BACKGROUND: Liver transplantation (LT) is a life-saving therapy for patients with end-stage liver disease, yet persistent disparities in post-transplant outcomes suggest that social and structural factors play an important role. This dissertation examines how individual and community-level social determinants of health (SDOH), including race, ethnicity, insurance type, education, and social vulnerability, affect post-transplant outcomes. Social vulnerability was measured using the Centers for Disease Control and Prevention’s Social Vulnerability Index (SVI). The study examined the relationships between these factors and readmission, mortality, and graft survival to inform public health practice and quality improvement in transplant care. METHODS: A retrospective cohort design included 2,138 adults aged ≥18 years who underwent LT between 2002 and 2023 at a major Southeastern U.S. transplant center.
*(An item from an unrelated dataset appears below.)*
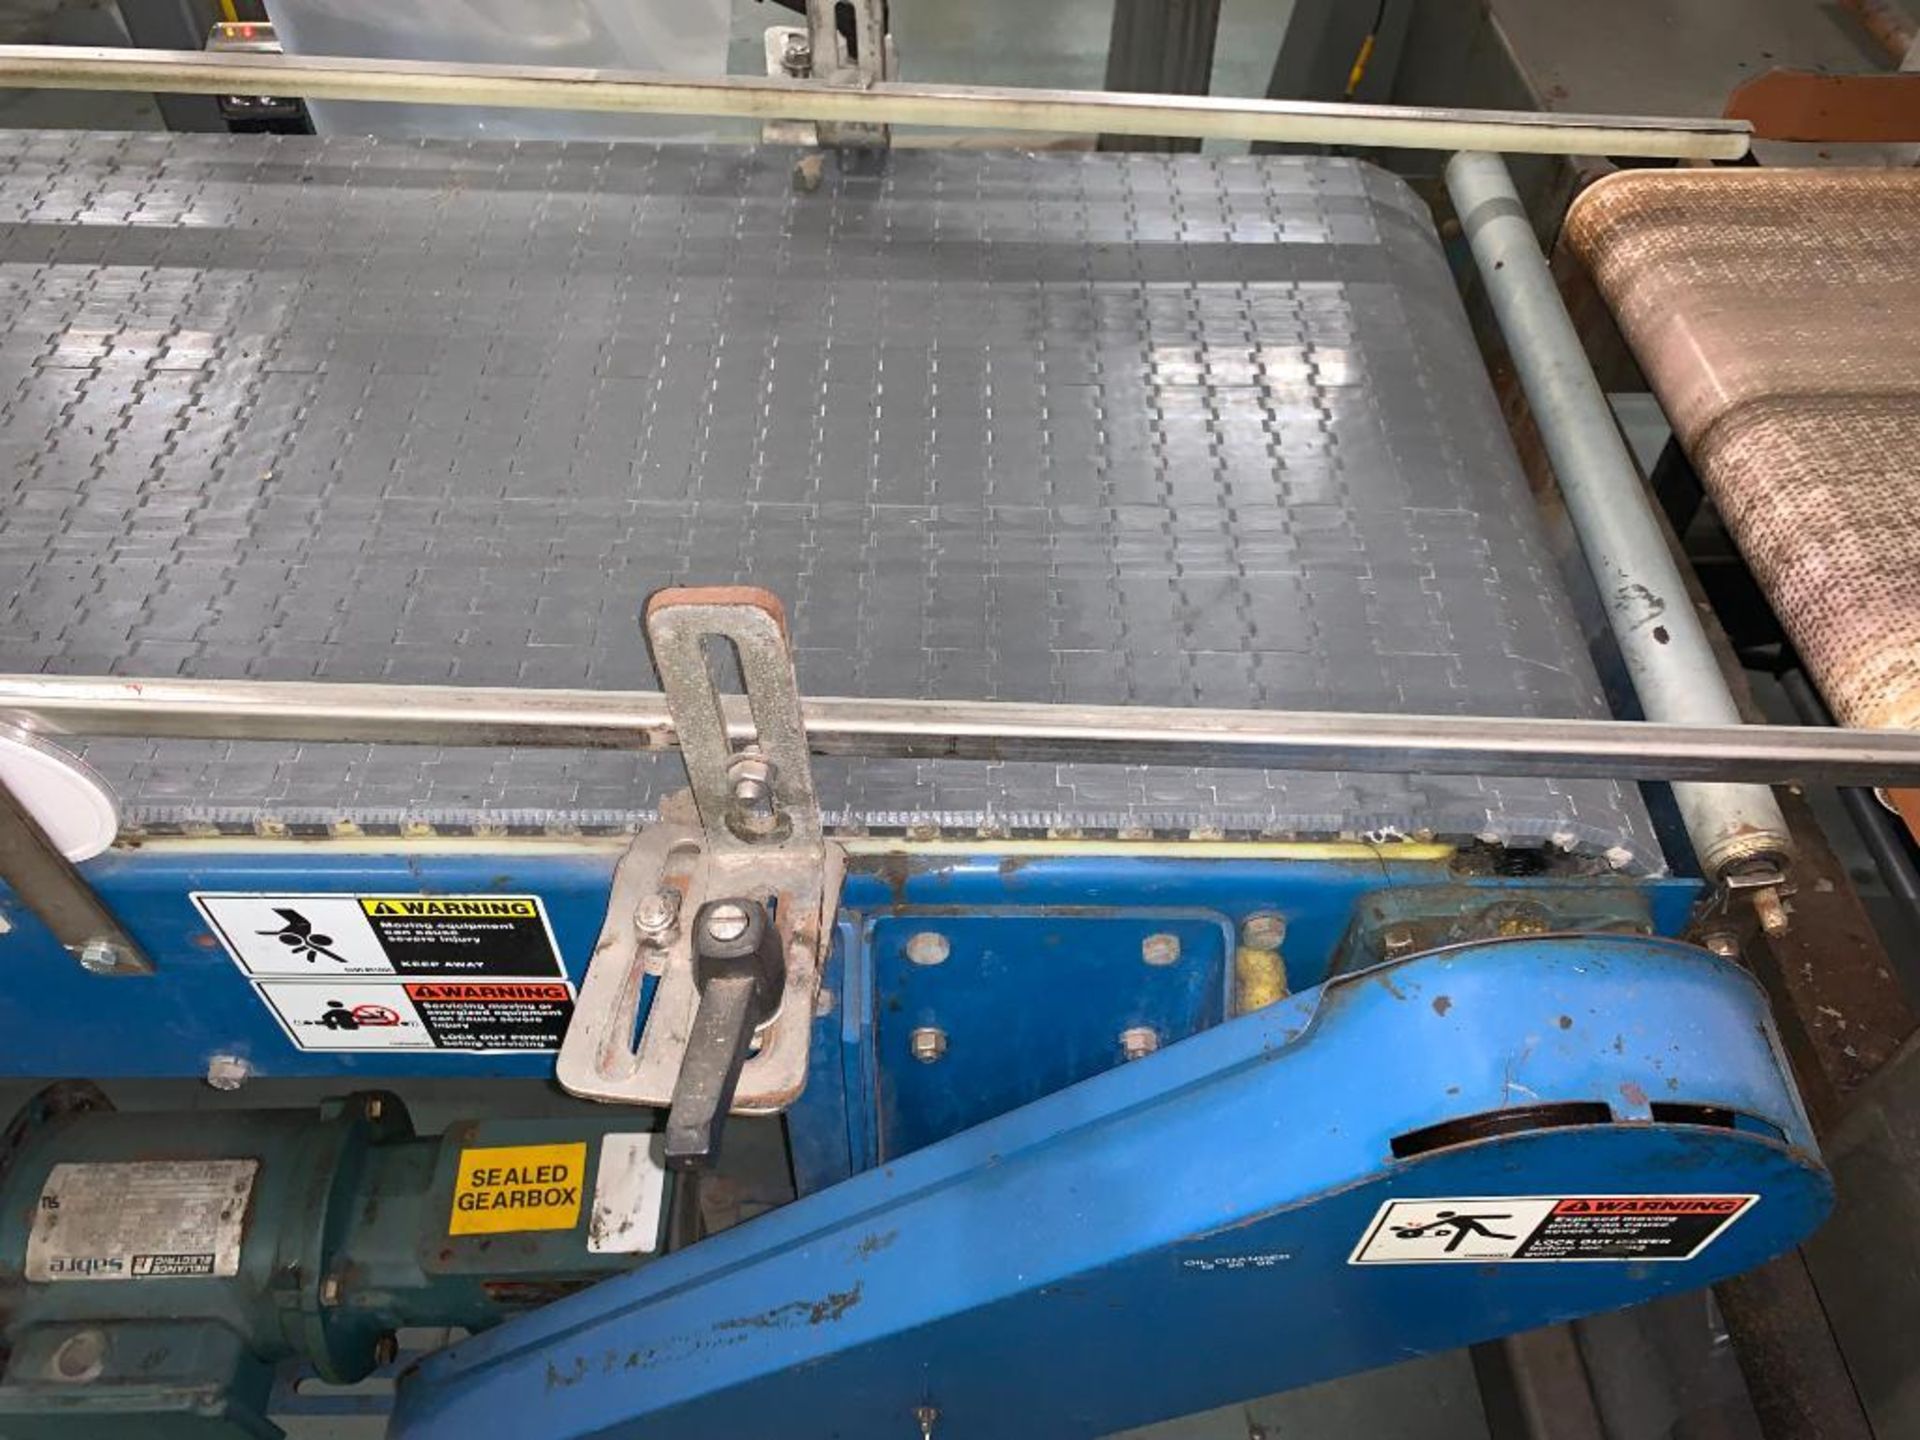 mild steel conveyor, 76 in. x 18 in. x 35 in., gray plastic belt - Image 6 of 9

Two complementary analyses were conducted to ensure comparability across census-tract and county-level SVI. Multivariable modeling included Cox proportional hazards regression, Kaplan–Meier survival analysis, logistic regression, and domain-specific SVI assessments.
RESULTS: After adjustment for confounders, overall SVI, at both census-tract and county levels, was not independently associated with survival up to ten years or 90-day readmissions. At the census-tract level, no SVI domain significantly predicted readmission, though a borderline association emerged within the household composition domain. County-level analyses revealed that socioeconomic vulnerability, particularly unemployment and income, were key predictors of readmission. Survival analyses demonstrated limited domain-specific associations, but logistic regression identified higher odds of mortality or graft failure among Black recipients (OR 2.23, 95% CI 1.39–3.71; p = 0.003), White recipients (OR 2.01, 95% CI 1.29–3.26; p = 0.029), and those with a high school education (OR 1.31, 95% CI 1.05–1.65; p = 0.012).
CONCLUSIONS: Area-level SVI measures did not strongly predict readmission or long-term survival, though domain-specific indicators revealed nuanced socioeconomic and demographic effects. Neighborhood vulnerability influenced early readmission through socioeconomic pathways, while individual factors such as age, sex, and illness acuity more strongly shaped long-term outcomes. These findings highlight the need to integrate both individual and community vulnerability metrics into transplant risk stratification and equity-focused quality improvement.